Spacex taxi service brings four astronauts home with midnight splashdown
SPACEX brought four astronauts home with a midnight splashdown in the Gulf of Mexico, capping the busiest month yet for Elon Musk’s space taxi service.
The three US astronauts and one German transported back to Earth in the capsule were bobbing off the Florida coast, near Tampa, less than 24 hours after leaving the International Space Station.
Nasa’s Raja Chari, Tom Marshburn and Kayla Barron, and the European Space Agency’s Matthias Maurer, embraced the seven astronauts remaining at the station, before parting ways.
Mr Maurer said: “It’s the end of a six-month mission, but I think the space dream lives on.”
Spacex brought up their US and Italian replacements last wee, after completing a charter trip to the station for three businessmen. That amounts to two crew launches and two splashdowns in barely a month.
Mr Musk’s company has now launched 26 people into orbit in less than two years, after it started ferrying astronauts for Nasa. Eight of those 26 were space tourists.
“Welcome home,” Spacex Mission Control radioed at splashdown. “Thanks for flying Spacex.”
“That was a great ride,” replied Mr Chari, the capsule commander.

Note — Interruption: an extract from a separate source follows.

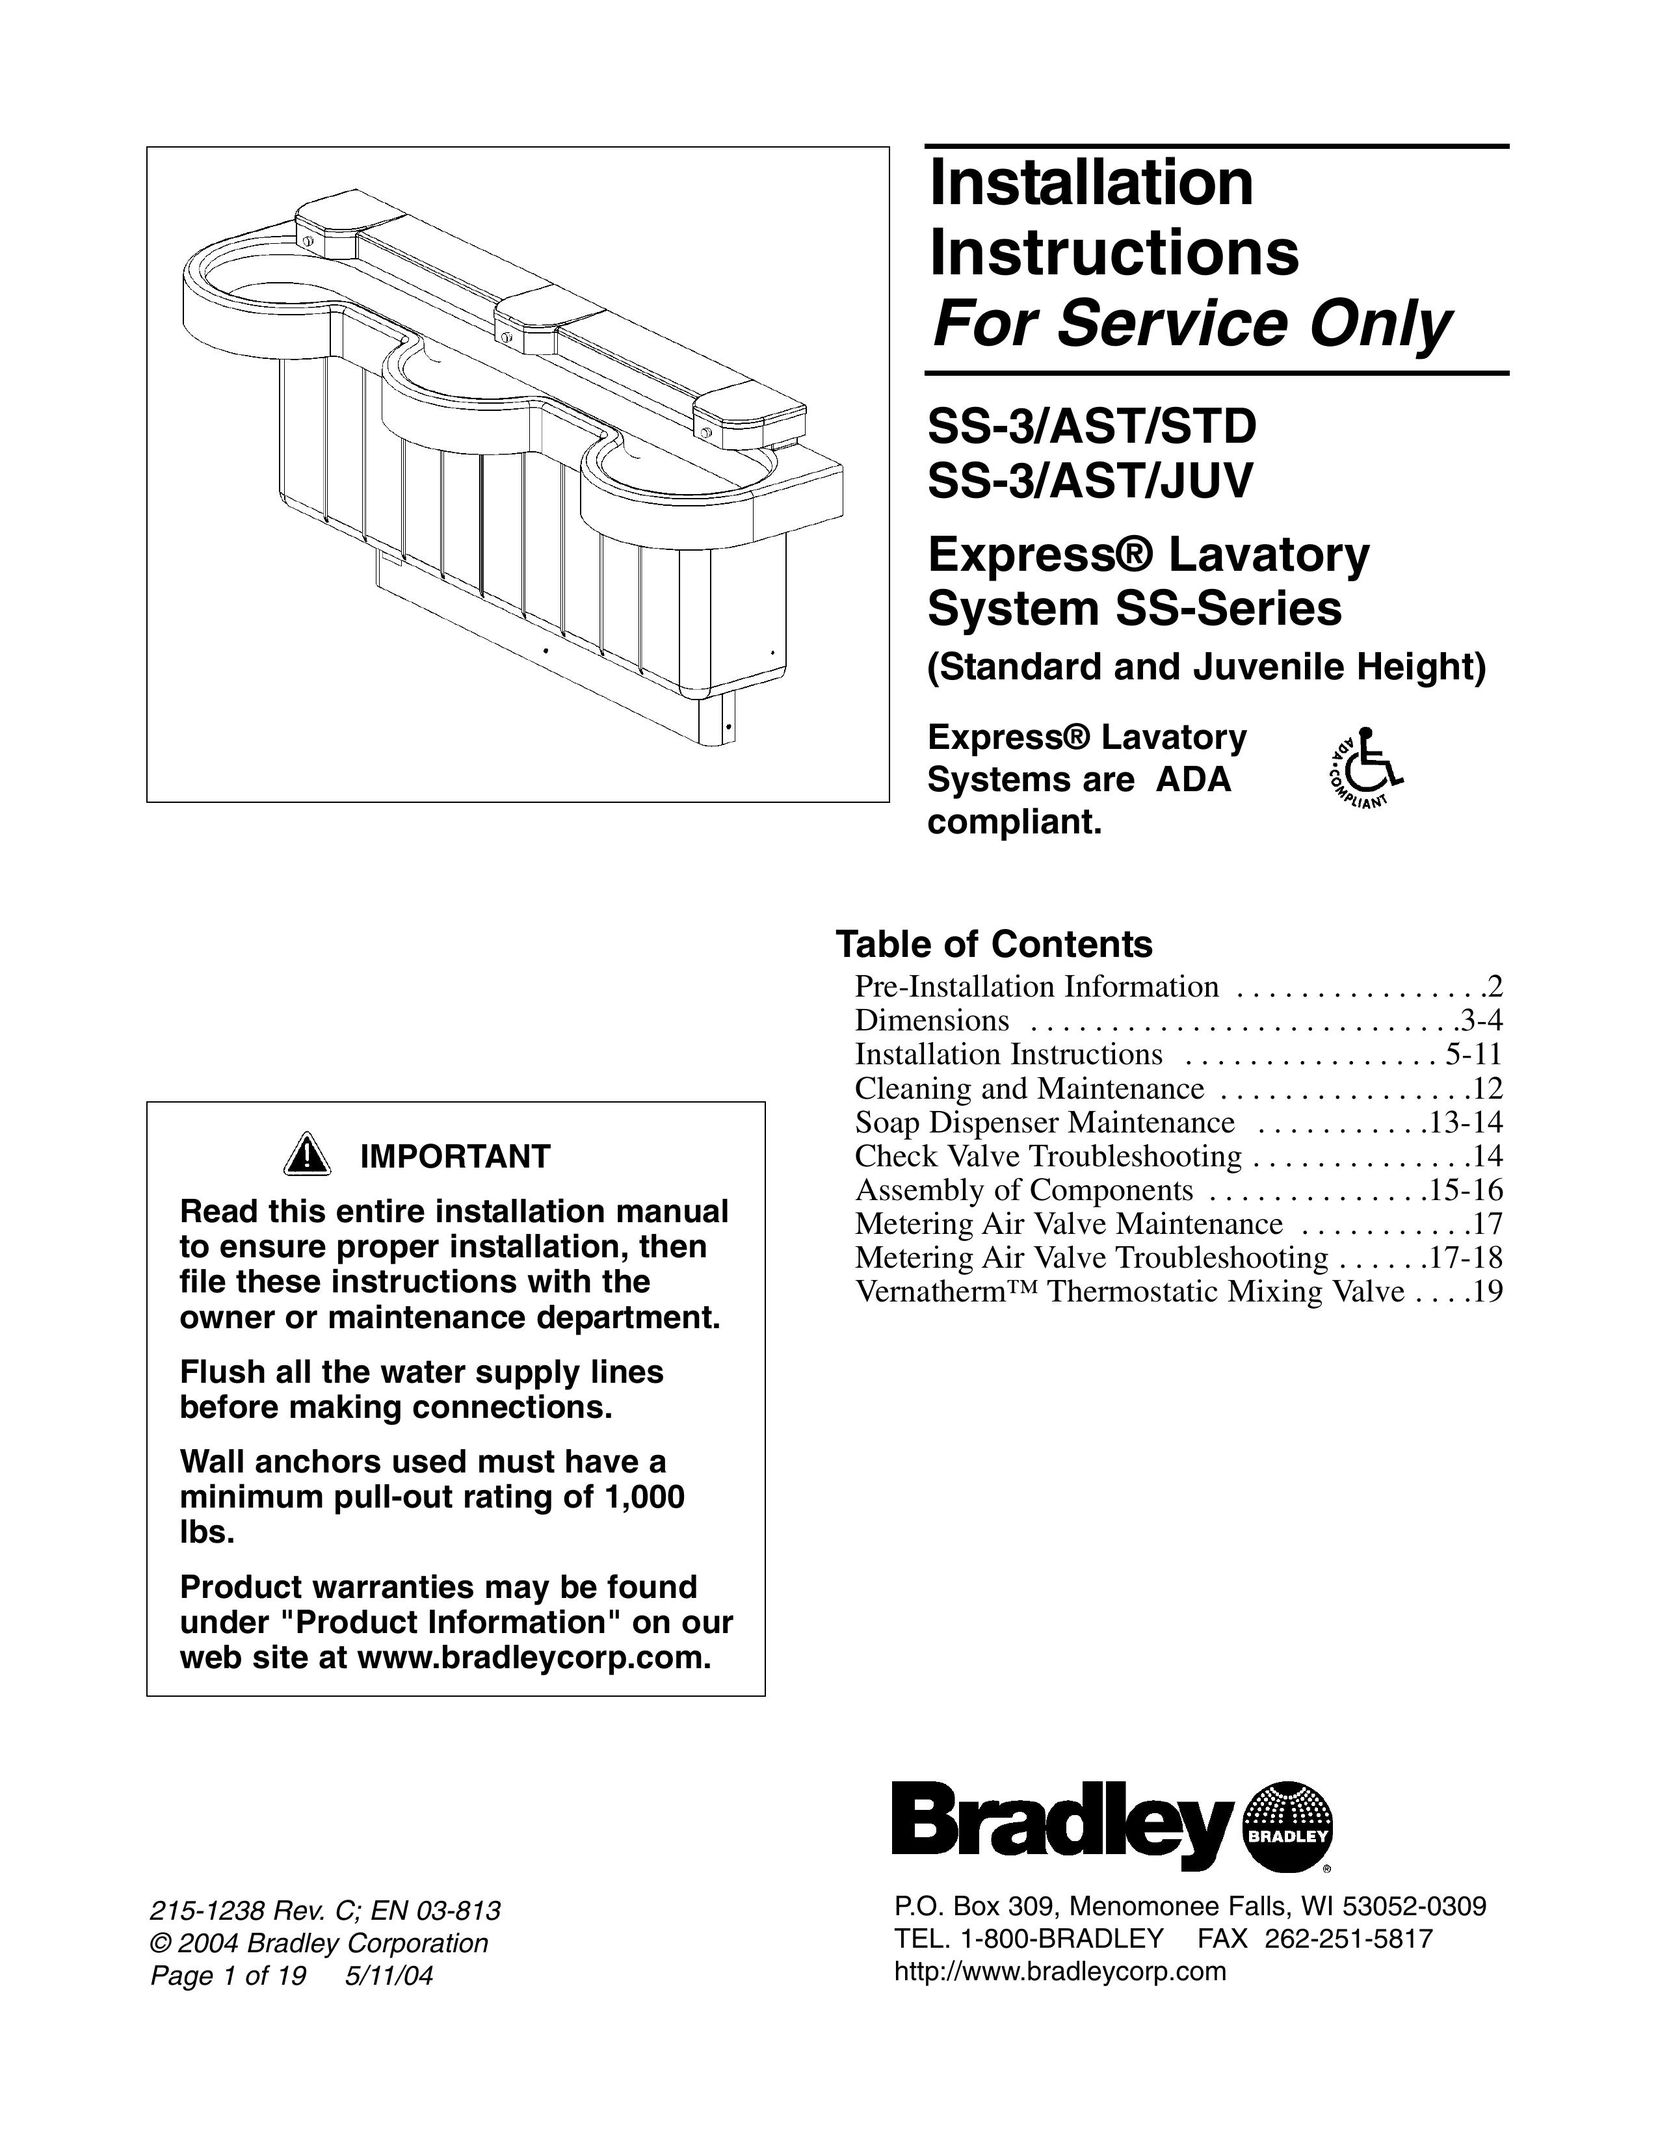 Bradley Smoker SS-3/AST/STD Plumbing Product User Manual
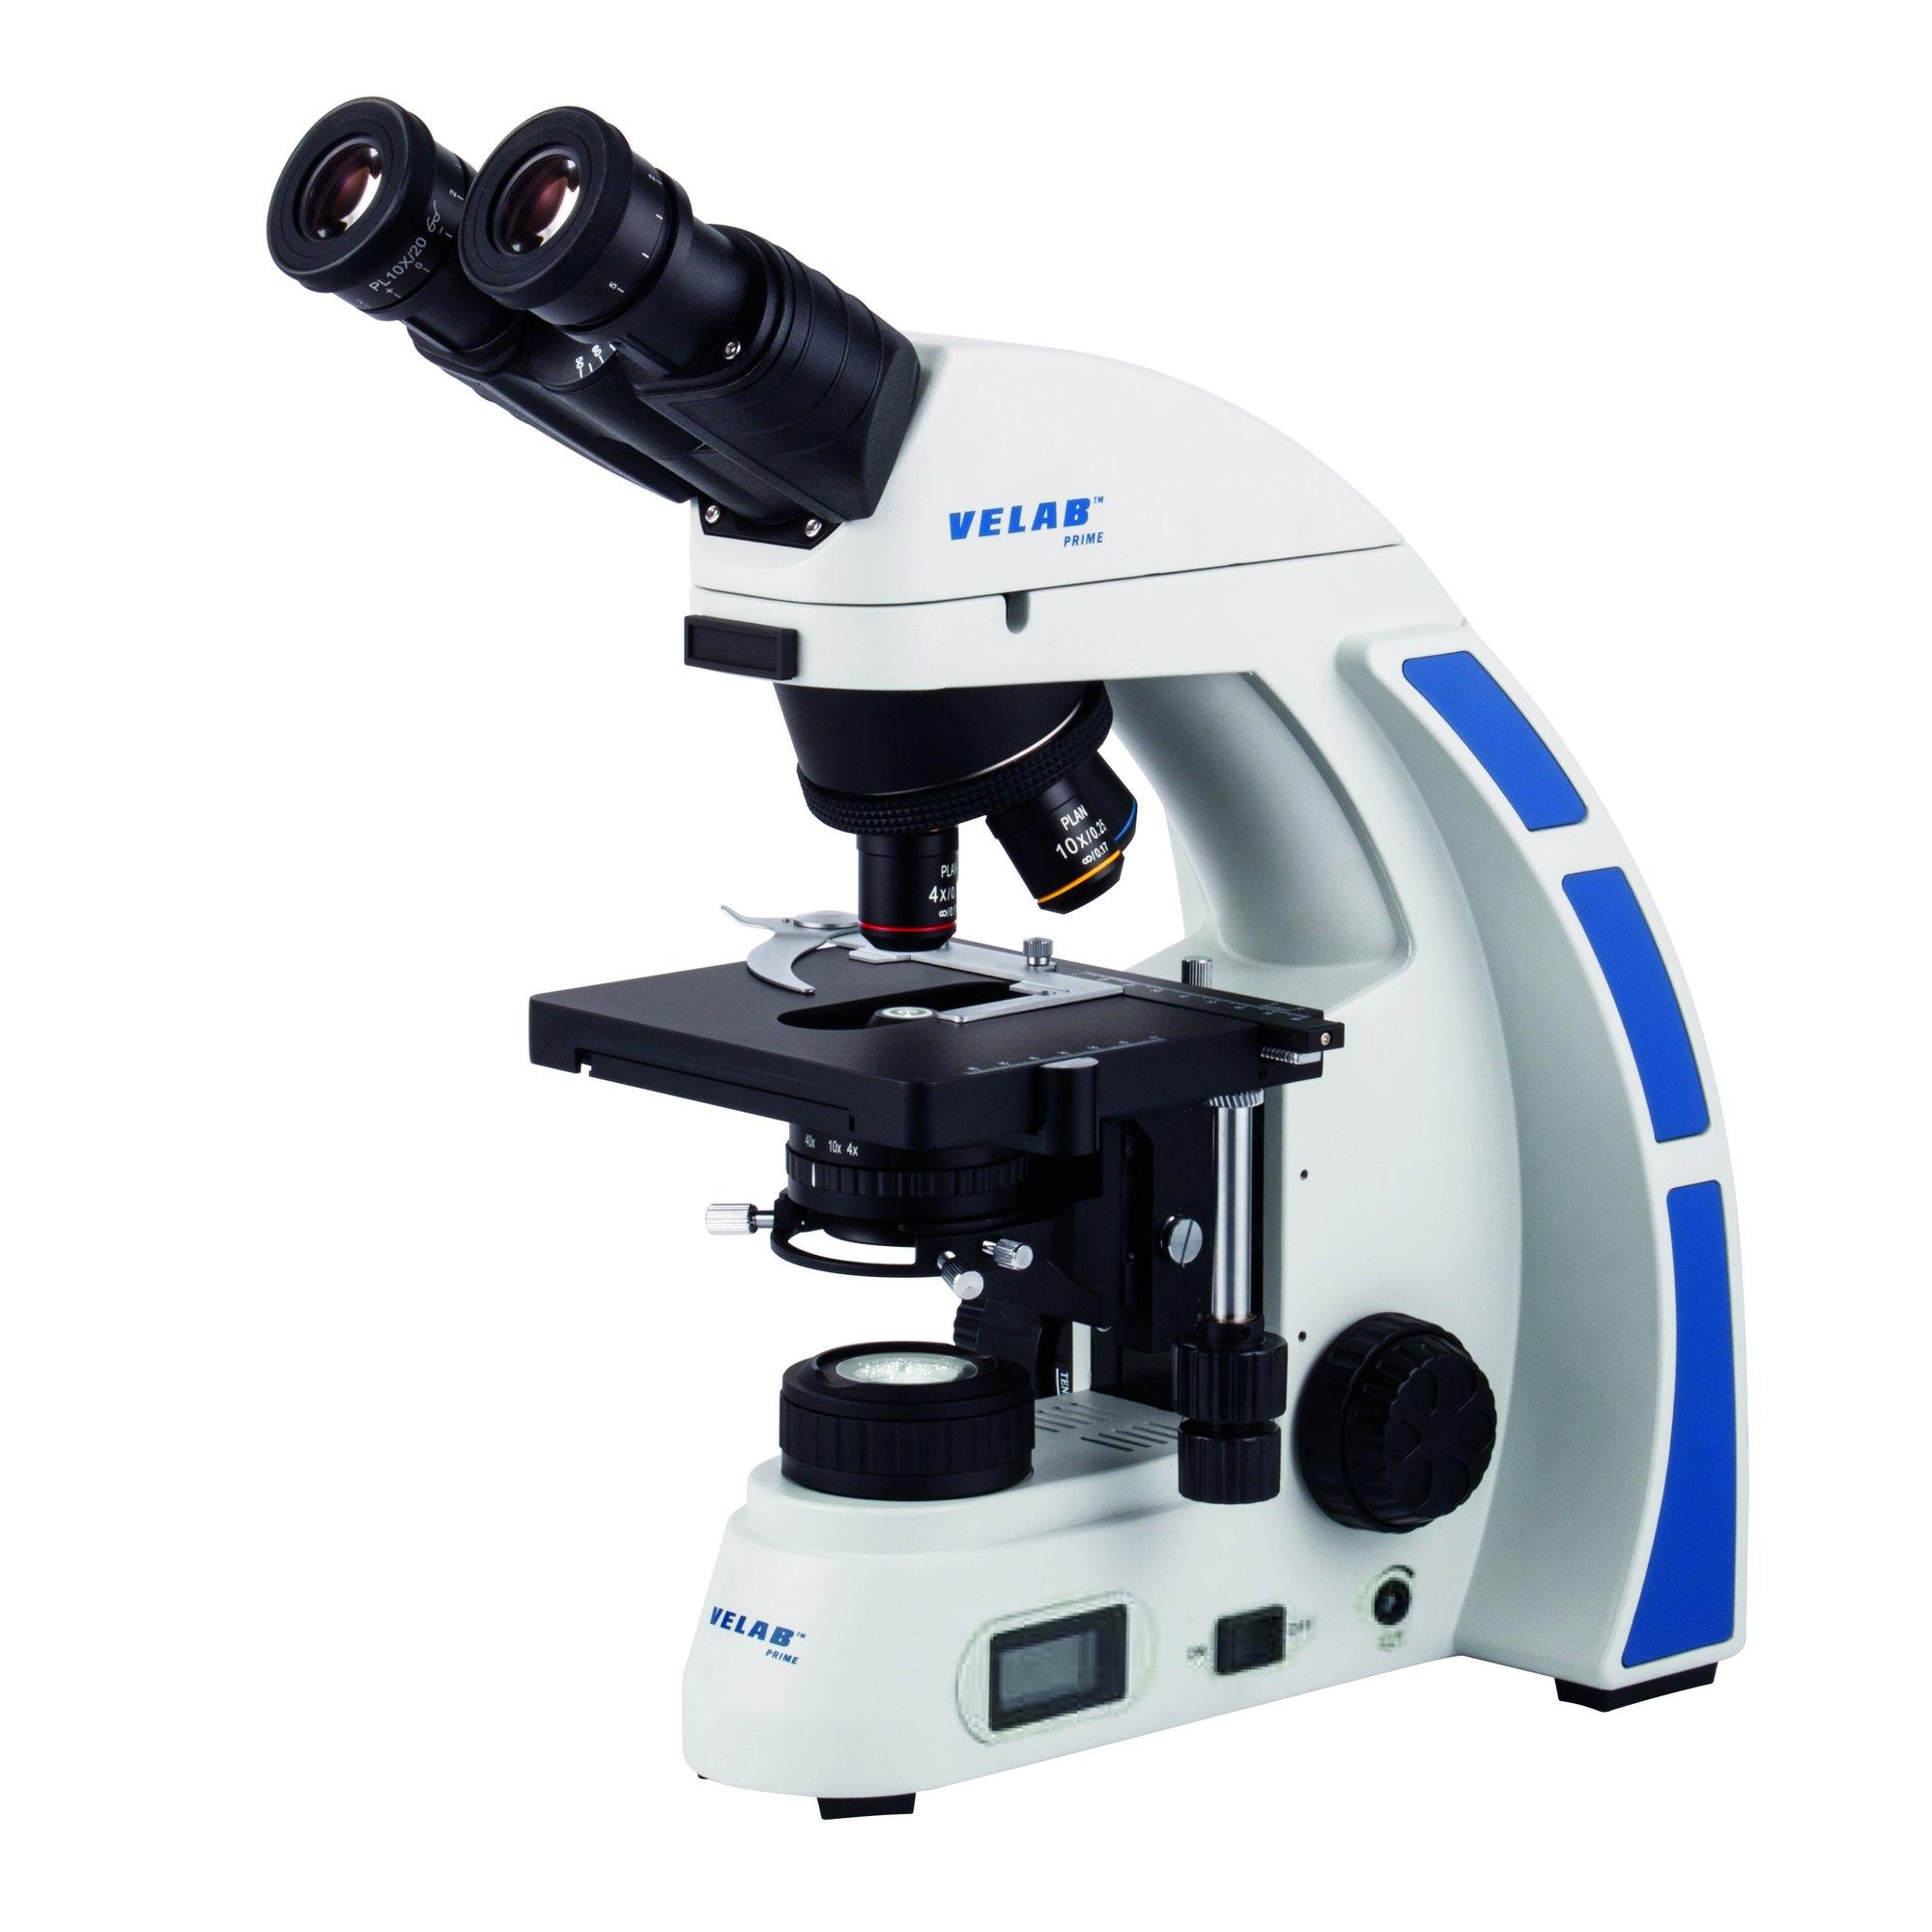 Velab VE-B310 Biological Binocular Microscope with Plan Achromatic Objectives

As for the reintroduction to gravity, he noted: “Only one complaint. These water bottles are super-heavy.”
All four were out of the capsule an hour later, waving and giving thumbs up as they were taken away for medical checks.
The astronauts said their mission was highlighted by the three visitors and their ex-astronaut escort who dropped by last month, opening up Nasa’s side of the station to paying guests after decades of resistance.
They had to contend with a dangerous spike in space debris after Russia blew up a satellite in a missile test in mid November. More than 1,500 pieces of shrapnel will spread across Earth’s orbit for years to come.
While the war in Ukraine has caused tensions between the US and Russia, the astronauts have stood by their Russian crewmates, and vice versa.
Flight controllers in Houston and Moscow also continued to cooperate as always, according to Nasa officials.
As he relinquished command of the space station earlier this week, Mr Marshburn called it “a place of peace” and said international cooperation would likely be its lasting legacy.